AI-generated illustration
AI-generated illustration

That concern lands in a district where attendance remains a major warning light. Maryland’s report card system measures schools by student achievement, growth, graduation rates, chronic absenteeism, postsecondary readiness, school surveys and access to a well-rounded curriculum. A 2025 analysis found Baltimore City had the highest chronic absenteeism rate among Maryland jurisdictions, with nearly half of students chronically absent in the previous school year. State task-force materials set a goal of cutting chronic absenteeism by 50% from a 2022-23 baseline of about 30% by the 2025-26 school year.

Data visualization chart
Data Visualisation

The budget papers show where much of the money is slated to go.

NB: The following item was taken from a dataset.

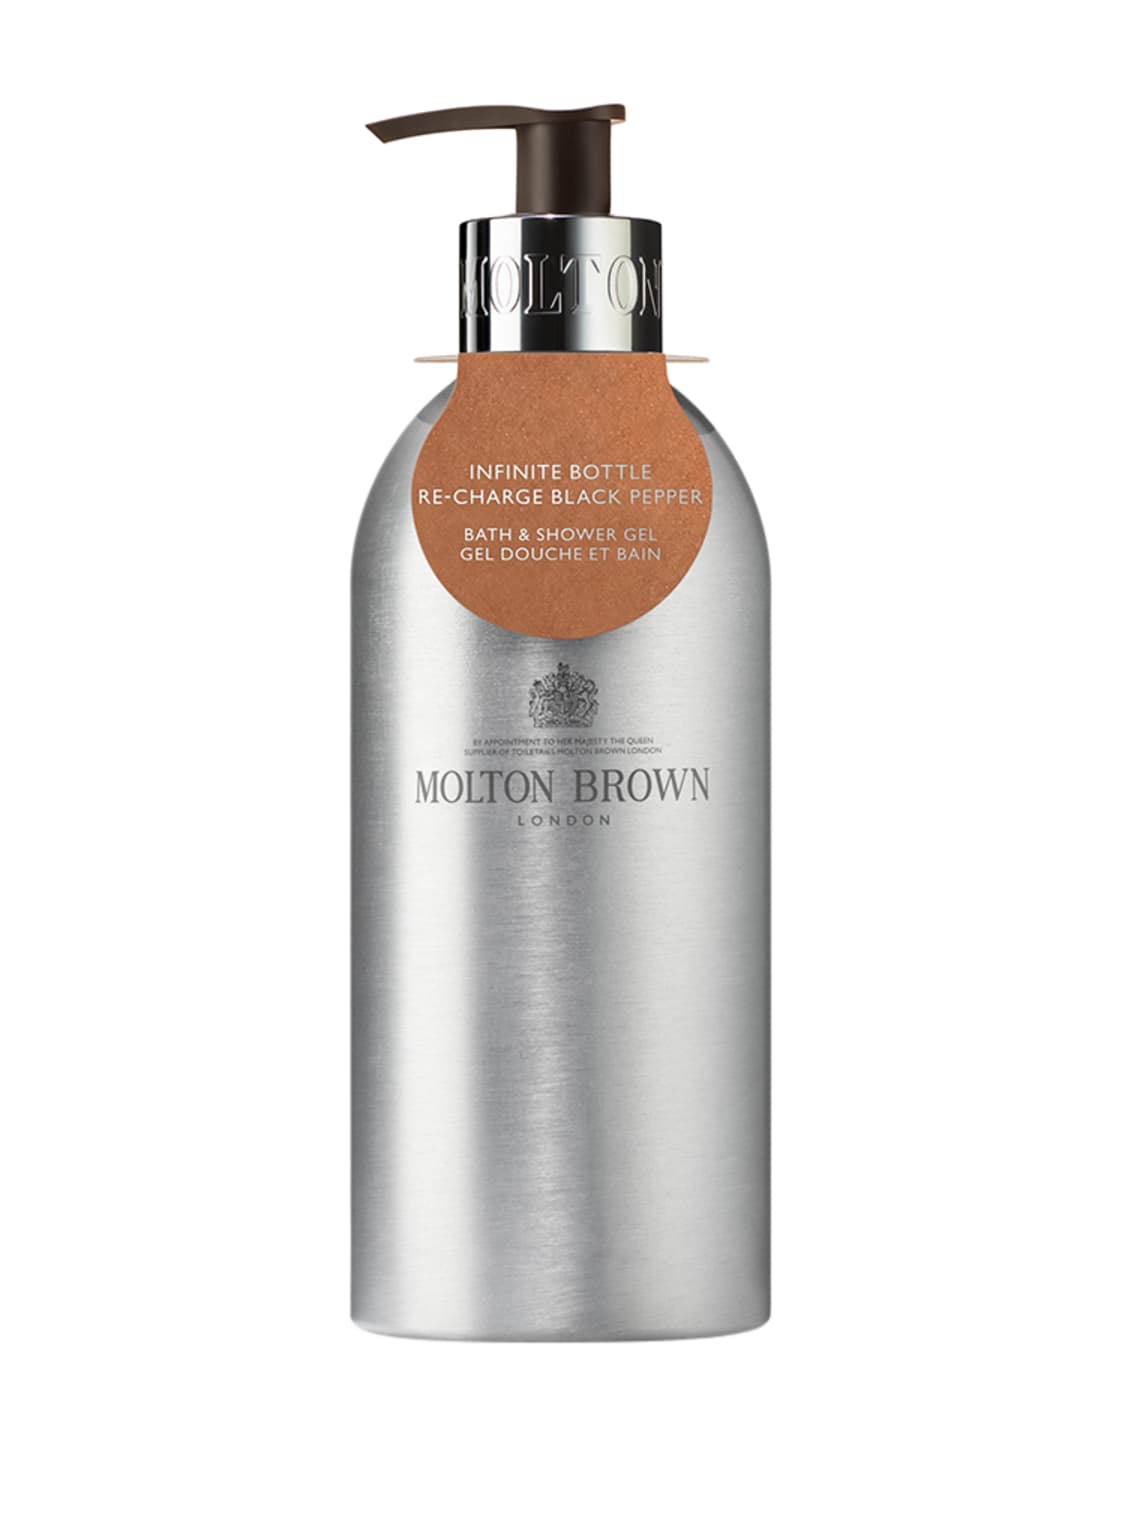 Molton Brown Re-Charge Black Pepper Infinite Bottle Bath & Shower Gel 400 ml von MOLTON BROWN
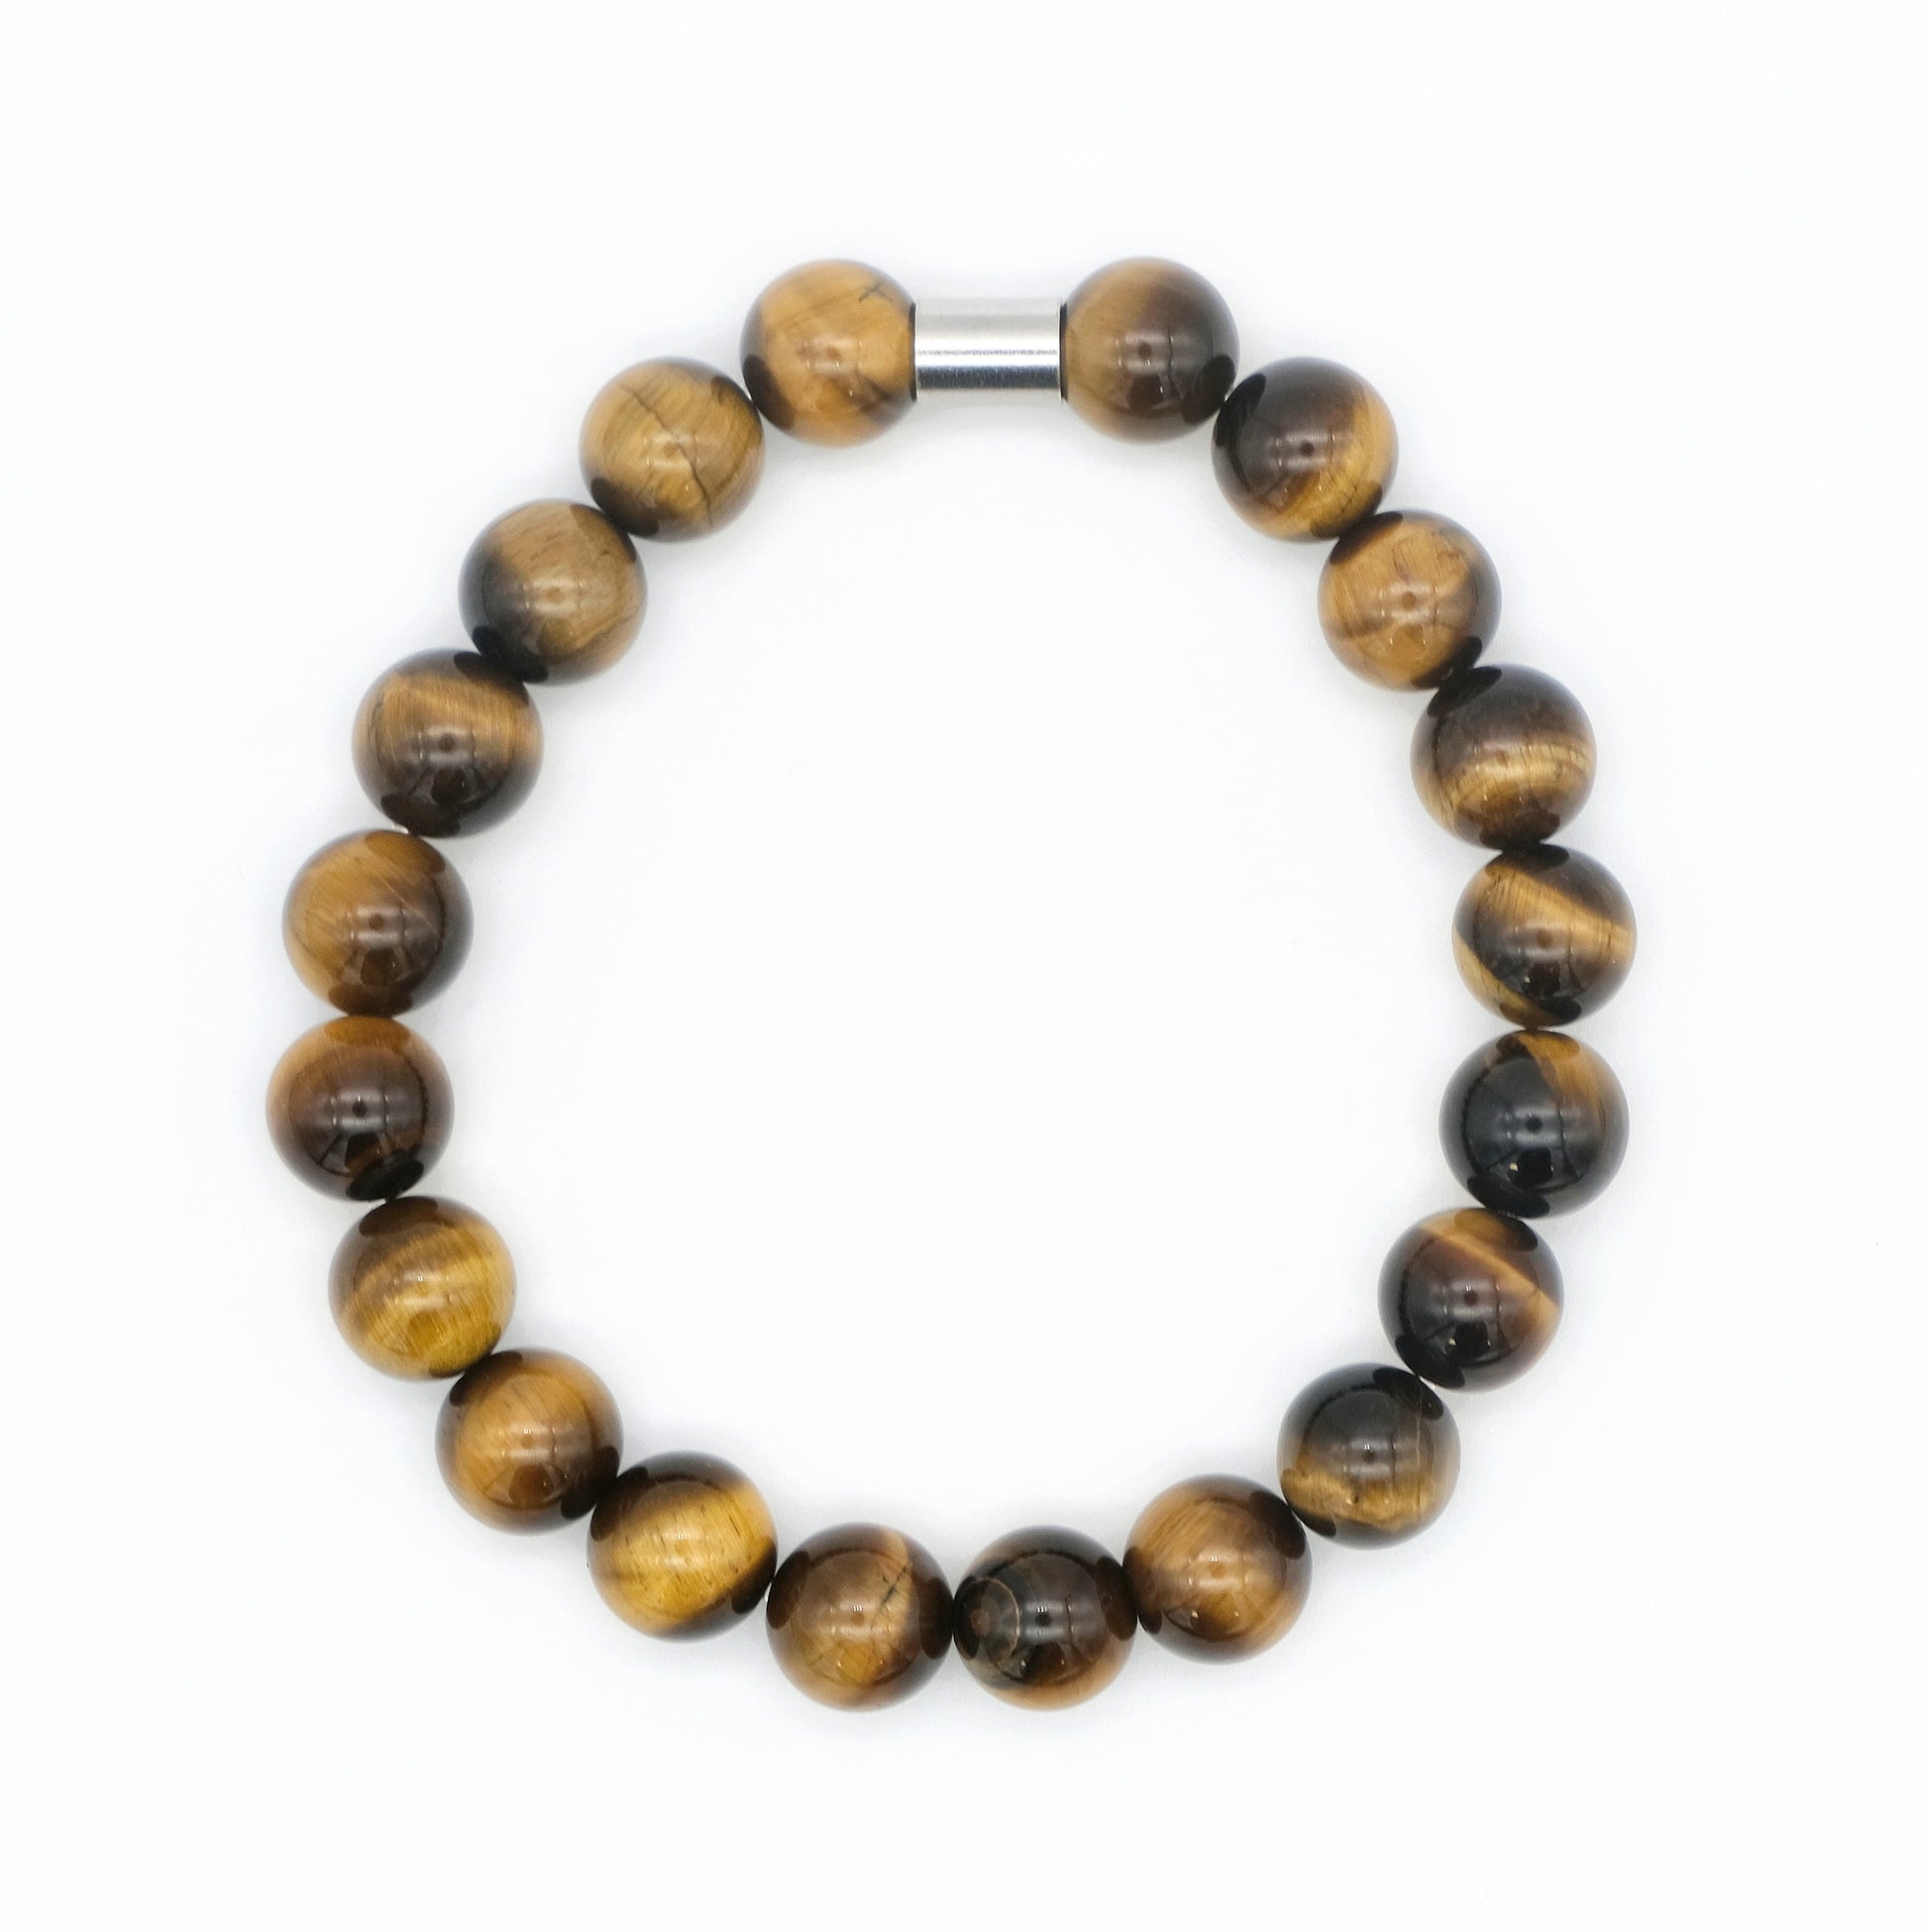 tiger eye gemstone bracelet in 10mm beads from above

City Schools says the plan includes $33 million for literacy and math coaches, $50.4 million for social workers and psychologists, $41.4 million for fine arts teachers and additional school spending, and $24.3 million for counselors and post-secondary advisors. Other line items include $4.45 million for multilingual learner supports, $5.2 million for extended school year services for students with IEPs, $7 million for 25 Focus Forward Improvement Community schools, $17.4 million for community school coordinators and lead agencies, and $2.9 million for the Re-Engagement Center.

The district says the FY2027 budget was presented to the board on April 8 after community feedback sessions with students, parents, multilingual families, staff and partners. City Schools describes the plan as centered on student wholeness, literacy, leadership, equity and district office structure, and says it was drafted amid uncertainty about Blueprint for Maryland’s Future funding and federal support. The broader question now is whether the extra spending, up roughly $650 million since the district’s 2017 budget of about $1.3 billion, will move the numbers families care about most: attendance, literacy, math and whether schools are actually ready to serve the children inside them.